We've already talked a fair bit about how medtech needs to adapt to the new health care landscape, and how for many companies, this could mean completely changing their strategies to remain competitive. The classic example, Medtronic, really pioneered this idea by launching its Hospital Solutions business in 2013. As part of this program, Medtronic is expanding its presence in cath labs by running their daily operations, with the goal of improving outcomes and saving costs for the hospital.
Smith & Nephew is also testing a dramatic strategy change with the launch of its Syncera program; this program was designed to cut down on medical device prices for hospitals by using an automated technology solution in the OR instead of a sales rep. The pilot program, started in the summer of last year, has been a success so far according to the company, and it's planning on rolling it out to more locations this year. Opinions are mixed so far: Stryker's CEO has publicly stated that he doesn't see Syncera as a credible threat and that having reps in the OR improves efficiency (an especially interesting statement given that there have been long been rumours of a Stryker-Smith & Nephew acquisition, but that's a story for another day).

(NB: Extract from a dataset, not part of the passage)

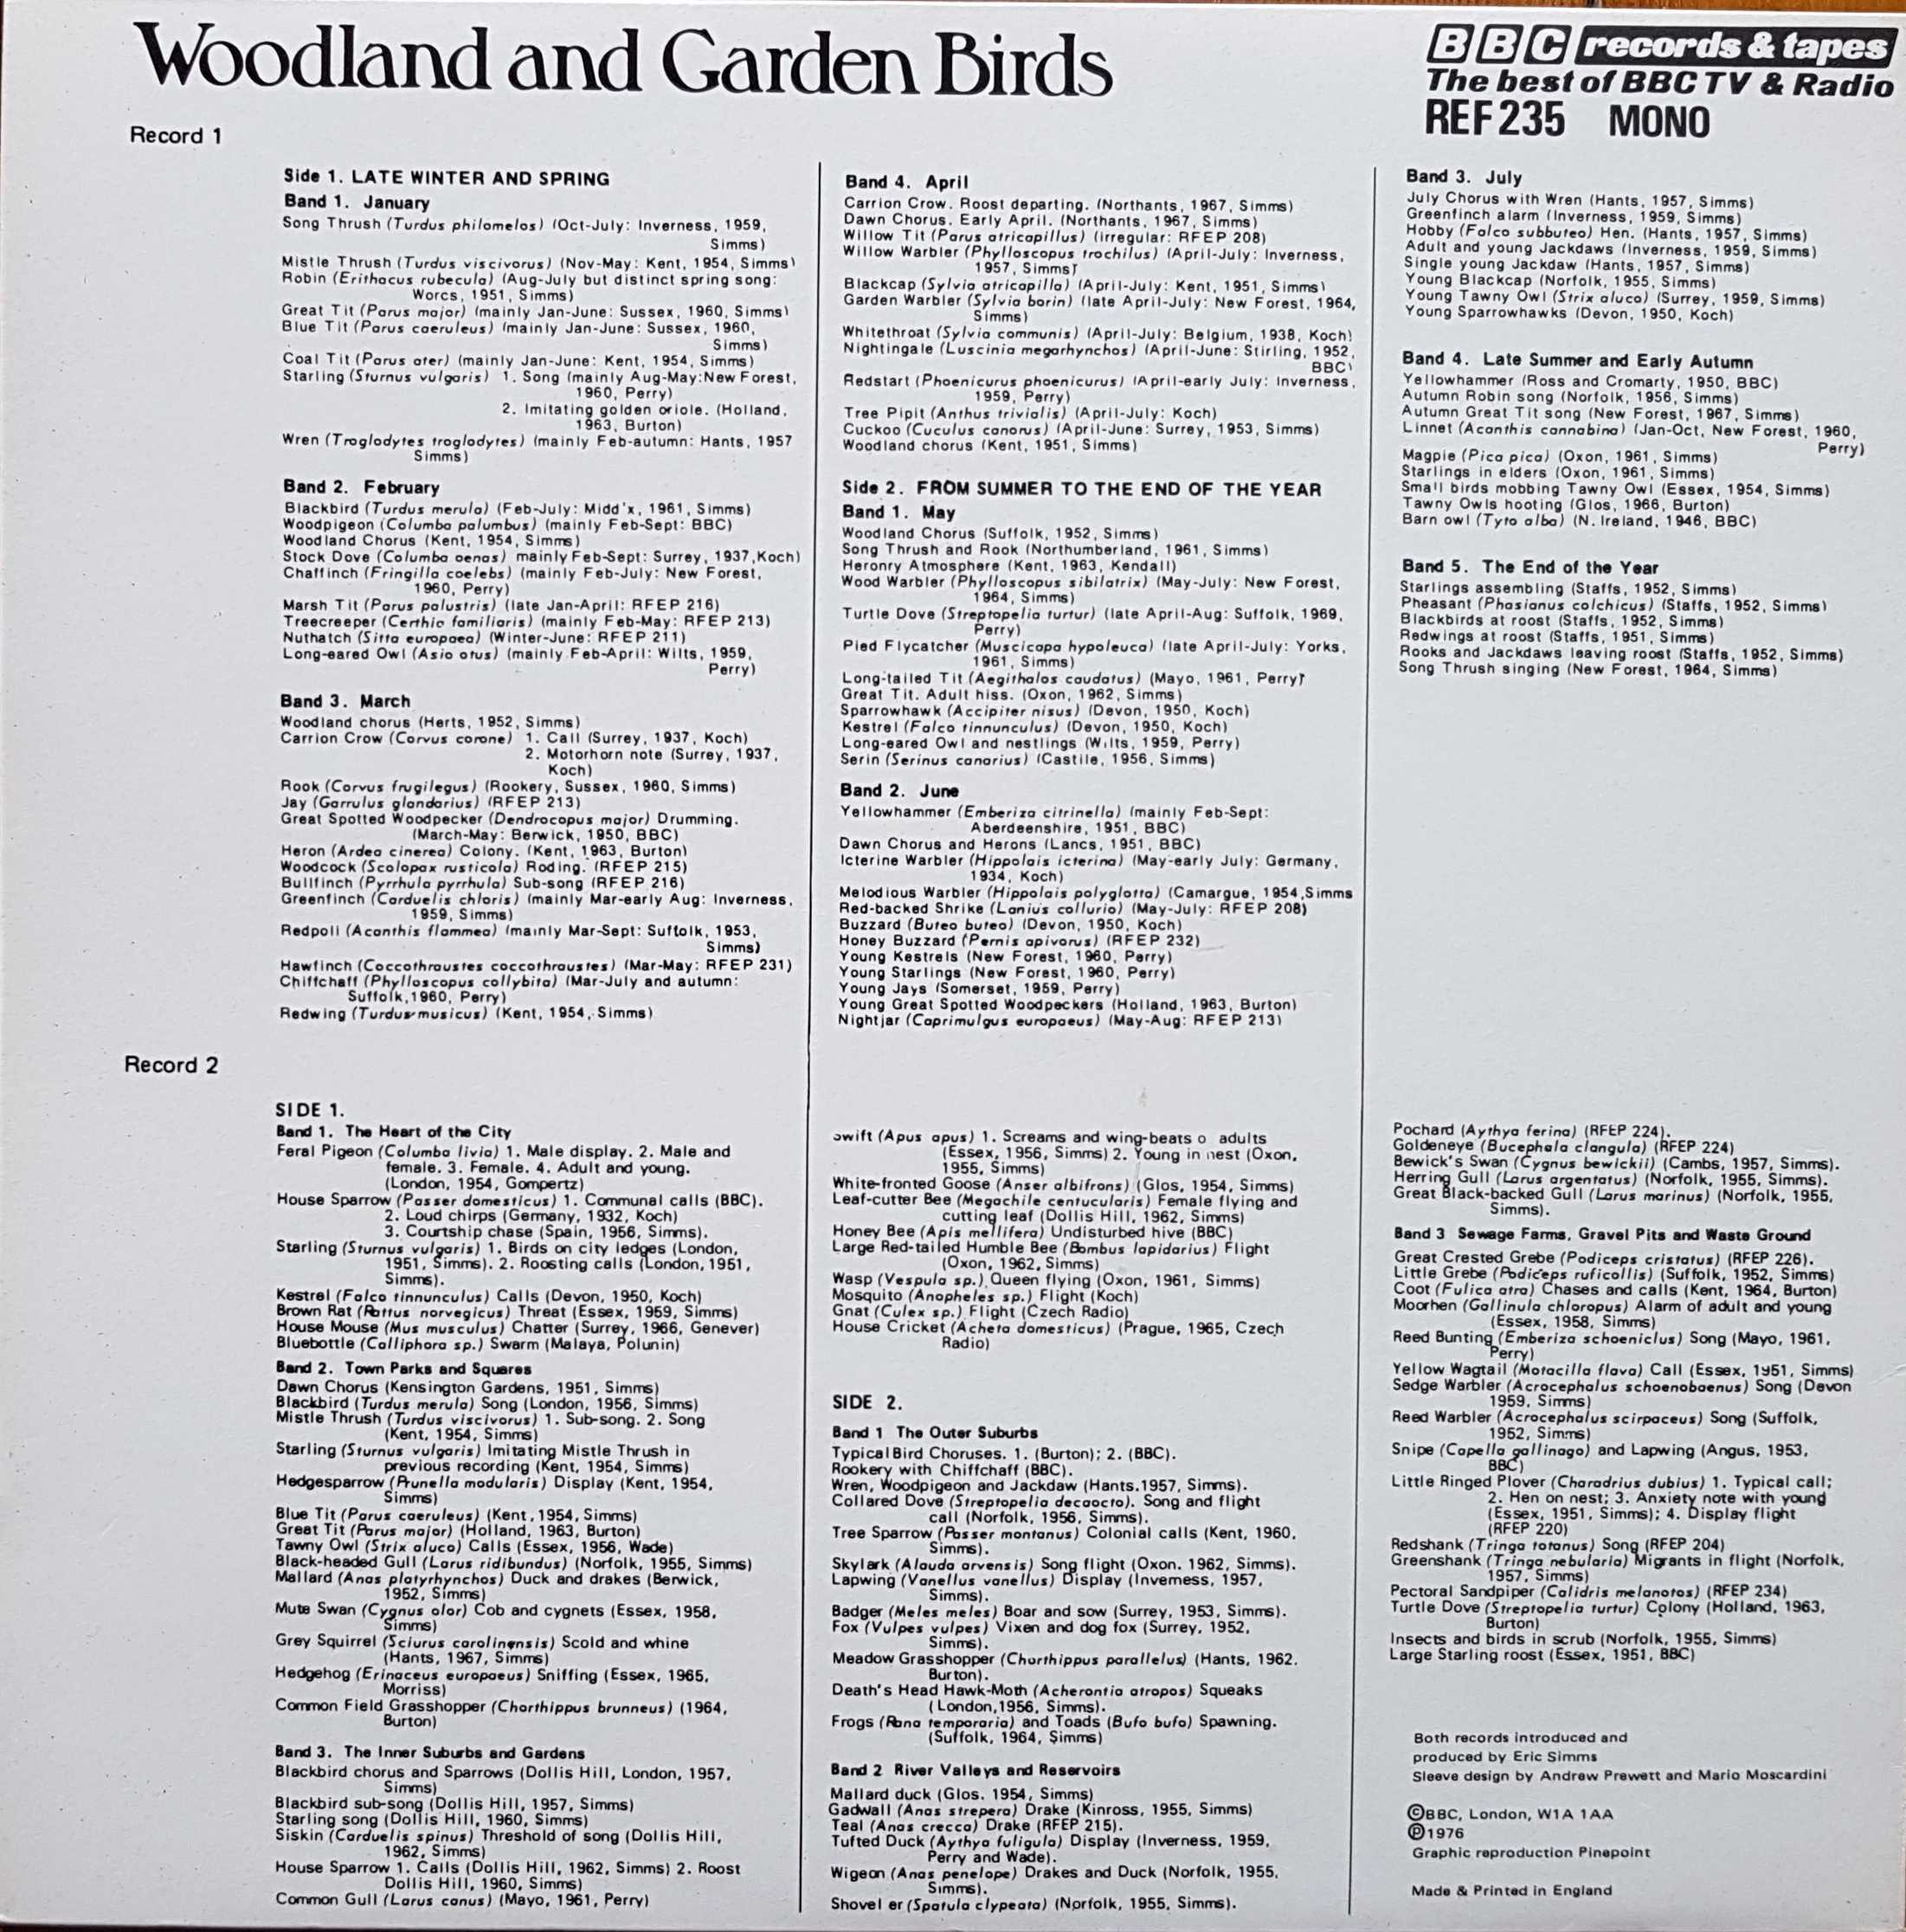 Picture of REF 235 Woodland and garden birds by artist Various from the BBC records and Tapes library

Although also a significant change in approach, Smith & Nephew's strategy is arguably the opposite of Medtronic's, reducing the company's presence in the OR rather than increasing it. In fact, Medtronic has said that with the purchase of Covidien, the company will be able to apply its cath lab strategy to ORs as well because of the depth of Covidien's portfolio.
It will be interesting to see which of these strategies gains the most momentum as 2015 picks up speed. We expect that medtech firms will continue to adapt their approaches in order to capitalize on this new health care landscape. But do hospitals really want more or less? That question remains to be answered.